• [Available data]
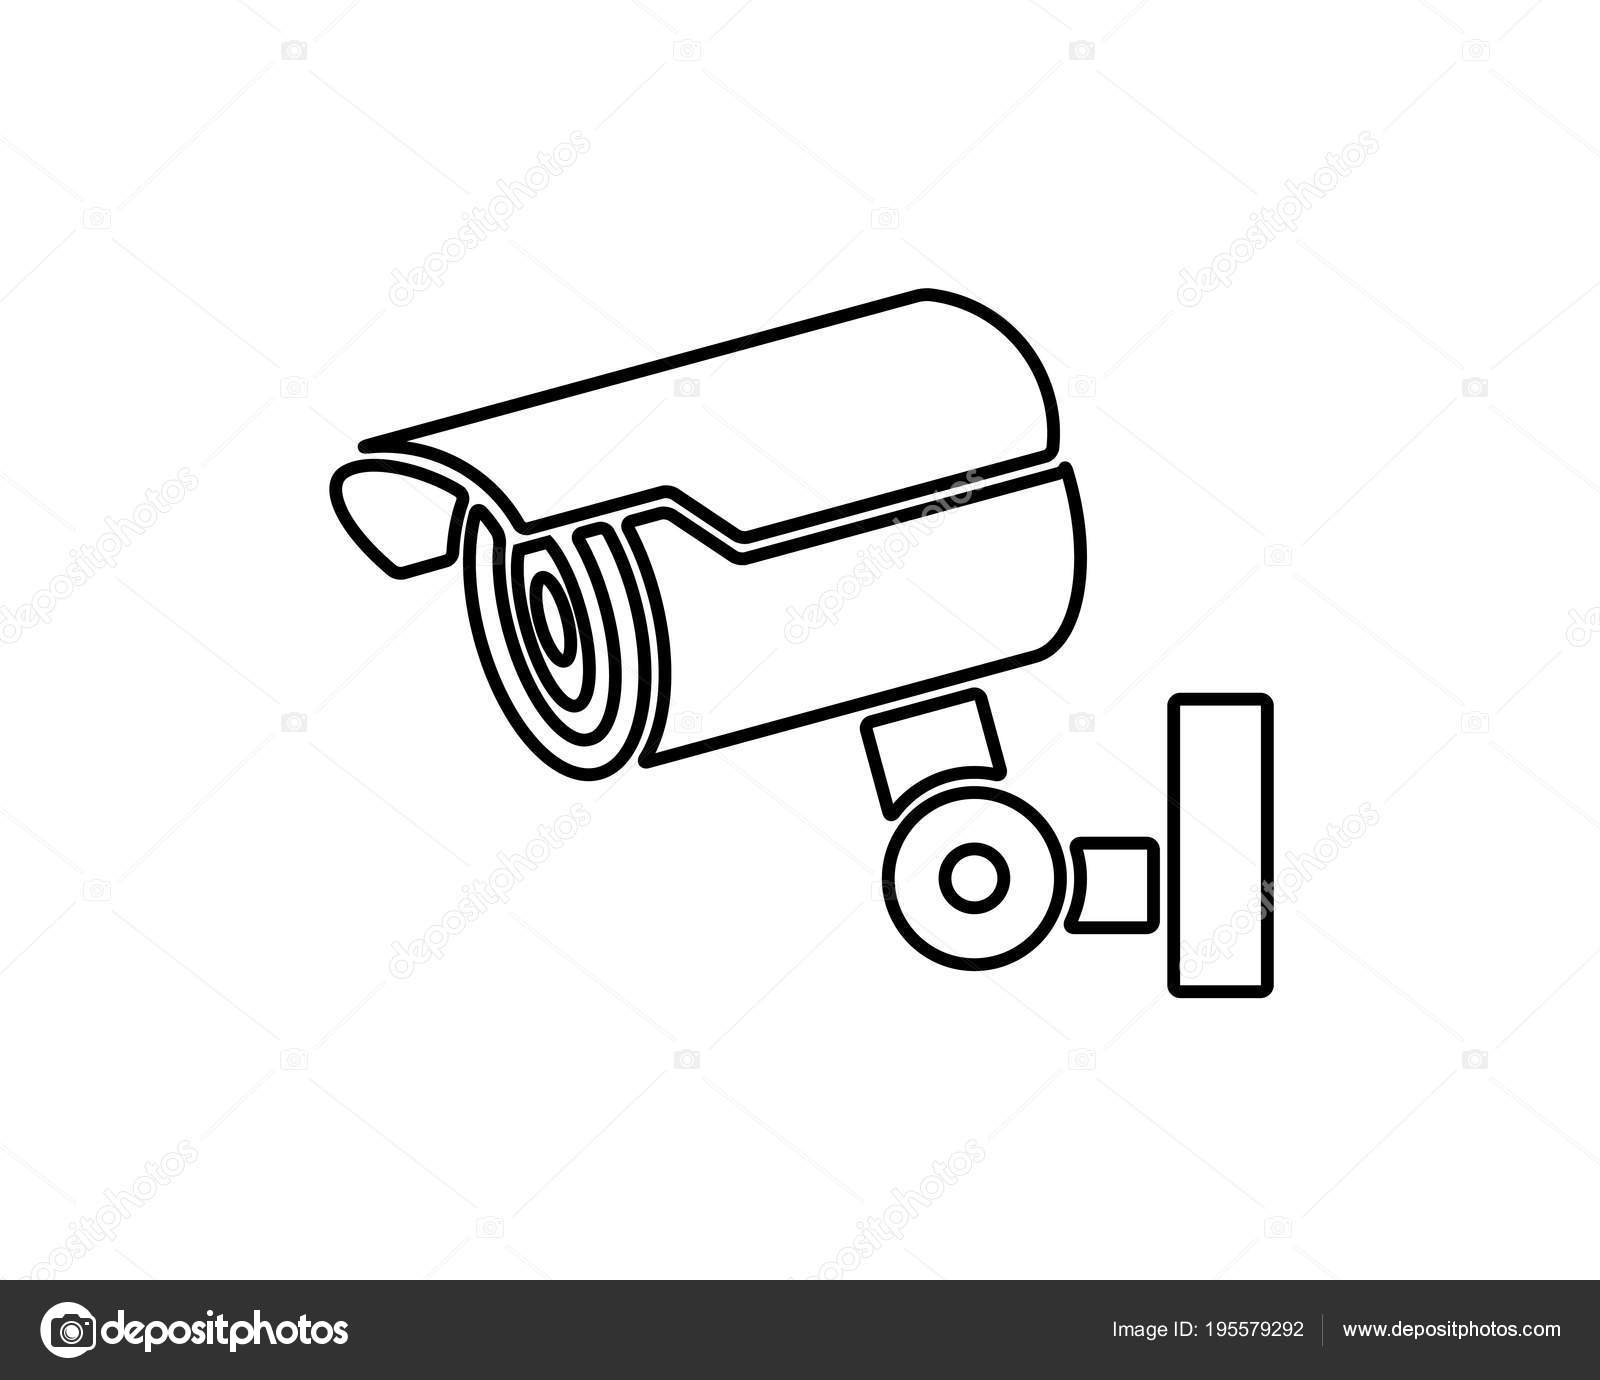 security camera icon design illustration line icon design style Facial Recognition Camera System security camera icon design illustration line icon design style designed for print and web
---
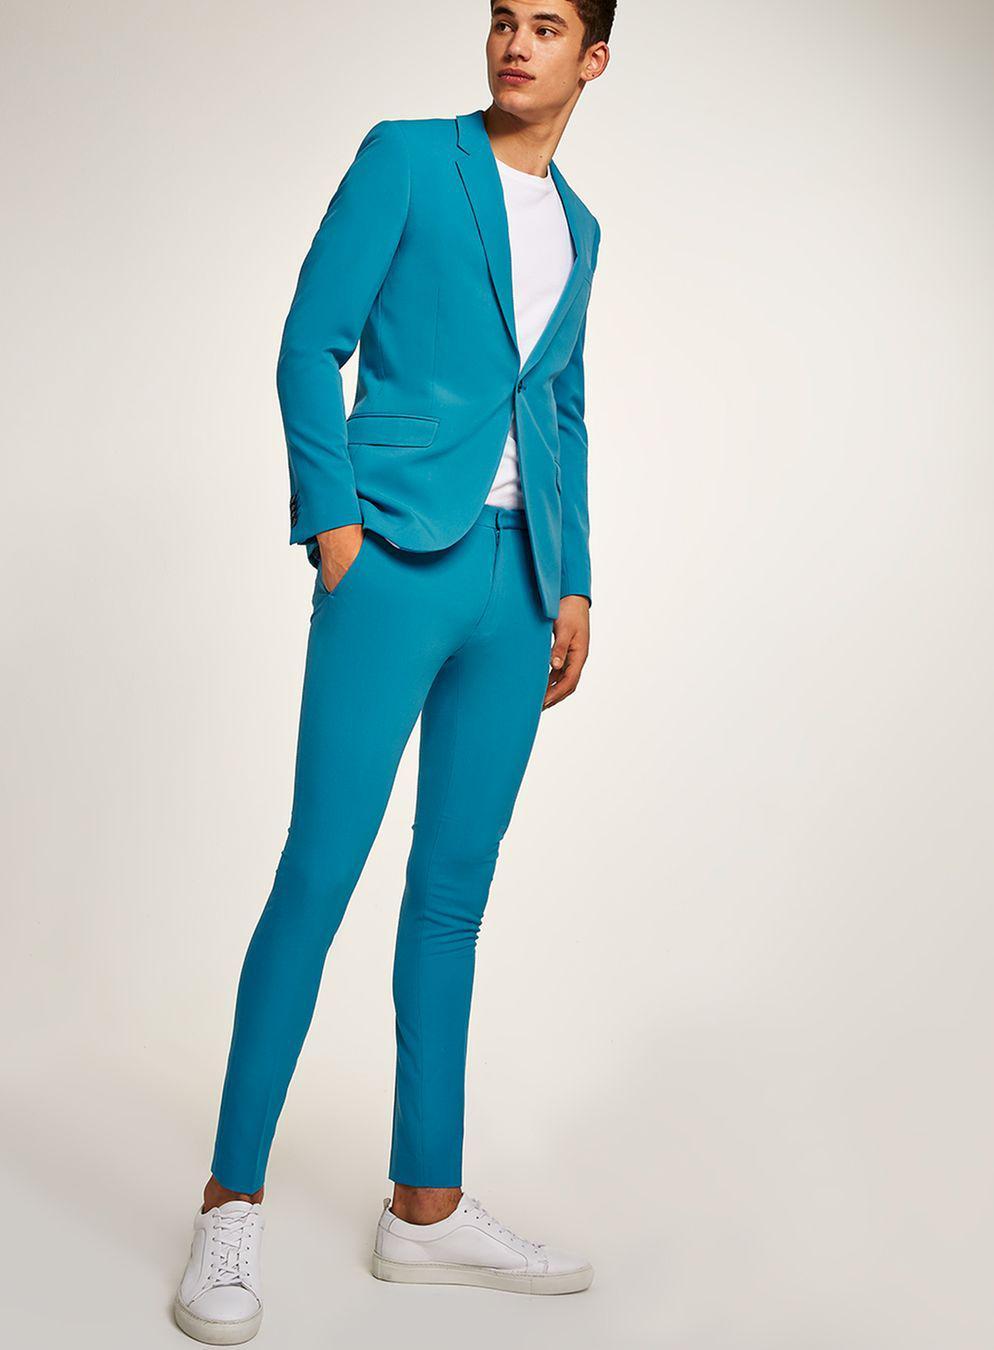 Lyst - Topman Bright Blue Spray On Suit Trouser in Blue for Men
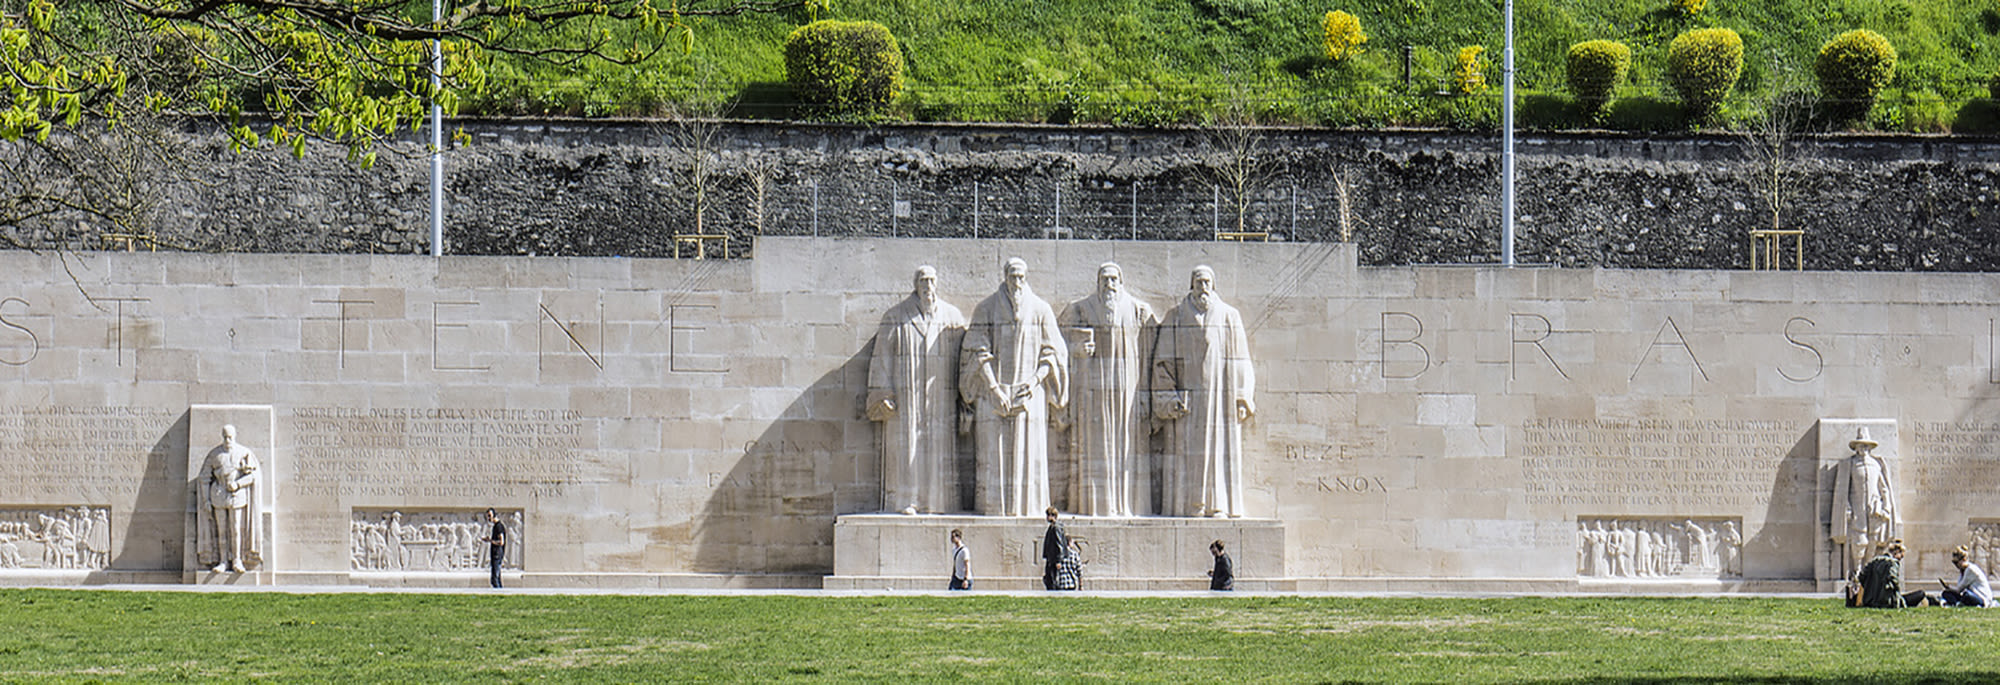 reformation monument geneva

• [Your objective] Within the listing above, the lines from the one with "Lyst - Topman" through the one with "reformation monument geneva" are to be given again word for word. Do not include pictures.

• [Response to the exercise]
 Lyst - Topman Bright Blue Spray On Suit Trouser in Blue for Men
 reformation monument geneva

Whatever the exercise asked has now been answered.